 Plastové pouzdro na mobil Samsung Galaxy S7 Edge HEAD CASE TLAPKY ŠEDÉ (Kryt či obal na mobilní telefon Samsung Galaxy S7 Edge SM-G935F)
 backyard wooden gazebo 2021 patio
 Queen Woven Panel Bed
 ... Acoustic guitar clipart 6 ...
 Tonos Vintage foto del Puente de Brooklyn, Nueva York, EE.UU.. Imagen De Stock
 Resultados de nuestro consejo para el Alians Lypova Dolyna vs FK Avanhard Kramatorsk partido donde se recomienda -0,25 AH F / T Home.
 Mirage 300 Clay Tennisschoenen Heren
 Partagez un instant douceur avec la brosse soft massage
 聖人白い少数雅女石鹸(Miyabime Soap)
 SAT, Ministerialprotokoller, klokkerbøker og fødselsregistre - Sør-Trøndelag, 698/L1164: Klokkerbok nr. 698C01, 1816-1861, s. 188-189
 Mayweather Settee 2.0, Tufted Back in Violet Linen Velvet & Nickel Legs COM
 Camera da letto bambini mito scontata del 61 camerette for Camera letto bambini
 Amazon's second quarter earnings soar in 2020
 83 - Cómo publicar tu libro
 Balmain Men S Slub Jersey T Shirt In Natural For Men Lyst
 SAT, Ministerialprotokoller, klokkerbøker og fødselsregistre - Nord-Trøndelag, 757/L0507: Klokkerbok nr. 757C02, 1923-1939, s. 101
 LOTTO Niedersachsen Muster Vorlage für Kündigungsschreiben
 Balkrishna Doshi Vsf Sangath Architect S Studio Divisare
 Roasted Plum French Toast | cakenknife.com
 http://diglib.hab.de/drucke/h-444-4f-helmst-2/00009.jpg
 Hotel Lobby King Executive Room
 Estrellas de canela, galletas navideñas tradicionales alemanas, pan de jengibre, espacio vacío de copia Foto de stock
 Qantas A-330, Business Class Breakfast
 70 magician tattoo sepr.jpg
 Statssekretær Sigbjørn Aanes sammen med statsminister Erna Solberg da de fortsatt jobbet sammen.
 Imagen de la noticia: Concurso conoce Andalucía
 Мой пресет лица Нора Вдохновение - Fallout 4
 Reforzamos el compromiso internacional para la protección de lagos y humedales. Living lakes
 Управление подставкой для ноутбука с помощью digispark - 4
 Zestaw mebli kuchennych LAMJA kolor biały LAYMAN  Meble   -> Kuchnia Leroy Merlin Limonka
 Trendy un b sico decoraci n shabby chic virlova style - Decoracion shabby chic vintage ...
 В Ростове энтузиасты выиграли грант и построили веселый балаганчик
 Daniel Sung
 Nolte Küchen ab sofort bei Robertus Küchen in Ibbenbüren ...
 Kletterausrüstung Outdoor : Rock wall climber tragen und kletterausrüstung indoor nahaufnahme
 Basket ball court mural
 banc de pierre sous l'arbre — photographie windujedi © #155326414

Instructions to follow: Return every entry exactly as given.

Expected answer:
 Plastové pouzdro na mobil Samsung Galaxy S7 Edge HEAD CASE TLAPKY ŠEDÉ (Kryt či obal na mobilní telefon Samsung Galaxy S7 Edge SM-G935F)
 backyard wooden gazebo 2021 patio
 Queen Woven Panel Bed
 ... Acoustic guitar clipart 6 ...
 Tonos Vintage foto del Puente de Brooklyn, Nueva York, EE.UU.. Imagen De Stock
 Resultados de nuestro consejo para el Alians Lypova Dolyna vs FK Avanhard Kramatorsk partido donde se recomienda -0,25 AH F / T Home.
 Mirage 300 Clay Tennisschoenen Heren
 Partagez un instant douceur avec la brosse soft massage
 聖人白い少数雅女石鹸(Miyabime Soap)
 SAT, Ministerialprotokoller, klokkerbøker og fødselsregistre - Sør-Trøndelag, 698/L1164: Klokkerbok nr. 698C01, 1816-1861, s. 188-189
 Mayweather Settee 2.0, Tufted Back in Violet Linen Velvet & Nickel Legs COM
 Camera da letto bambini mito scontata del 61 camerette for Camera letto bambini
 Amazon's second quarter earnings soar in 2020
 83 - Cómo publicar tu libro
 Balmain Men S Slub Jersey T Shirt In Natural For Men Lyst
 SAT, Ministerialprotokoller, klokkerbøker og fødselsregistre - Nord-Trøndelag, 757/L0507: Klokkerbok nr. 757C02, 1923-1939, s. 101
 LOTTO Niedersachsen Muster Vorlage für Kündigungsschreiben
 Balkrishna Doshi Vsf Sangath Architect S Studio Divisare
 Roasted Plum French Toast | cakenknife.com
 http://diglib.hab.de/drucke/h-444-4f-helmst-2/00009.jpg
 Hotel Lobby King Executive Room
 Estrellas de canela, galletas navideñas tradicionales alemanas, pan de jengibre, espacio vacío de copia Foto de stock
 Qantas A-330, Business Class Breakfast
 70 magician tattoo sepr.jpg
 Statssekretær Sigbjørn Aanes sammen med statsminister Erna Solberg da de fortsatt jobbet sammen.
 Imagen de la noticia: Concurso conoce Andalucía
 Мой пресет лица Нора Вдохновение - Fallout 4
 Reforzamos el compromiso internacional para la protección de lagos y humedales. Living lakes
 Управление подставкой для ноутбука с помощью digispark - 4
 Zestaw mebli kuchennych LAMJA kolor biały LAYMAN  Meble   -> Kuchnia Leroy Merlin Limonka
 Trendy un b sico decoraci n shabby chic virlova style - Decoracion shabby chic vintage ...
 В Ростове энтузиасты выиграли грант и построили веселый балаганчик
 Daniel Sung
 Nolte Küchen ab sofort bei Robertus Küchen in Ibbenbüren ...
 Kletterausrüstung Outdoor : Rock wall climber tragen und kletterausrüstung indoor nahaufnahme
 Basket ball court mural
 banc de pierre sous l'arbre — photographie windujedi © #155326414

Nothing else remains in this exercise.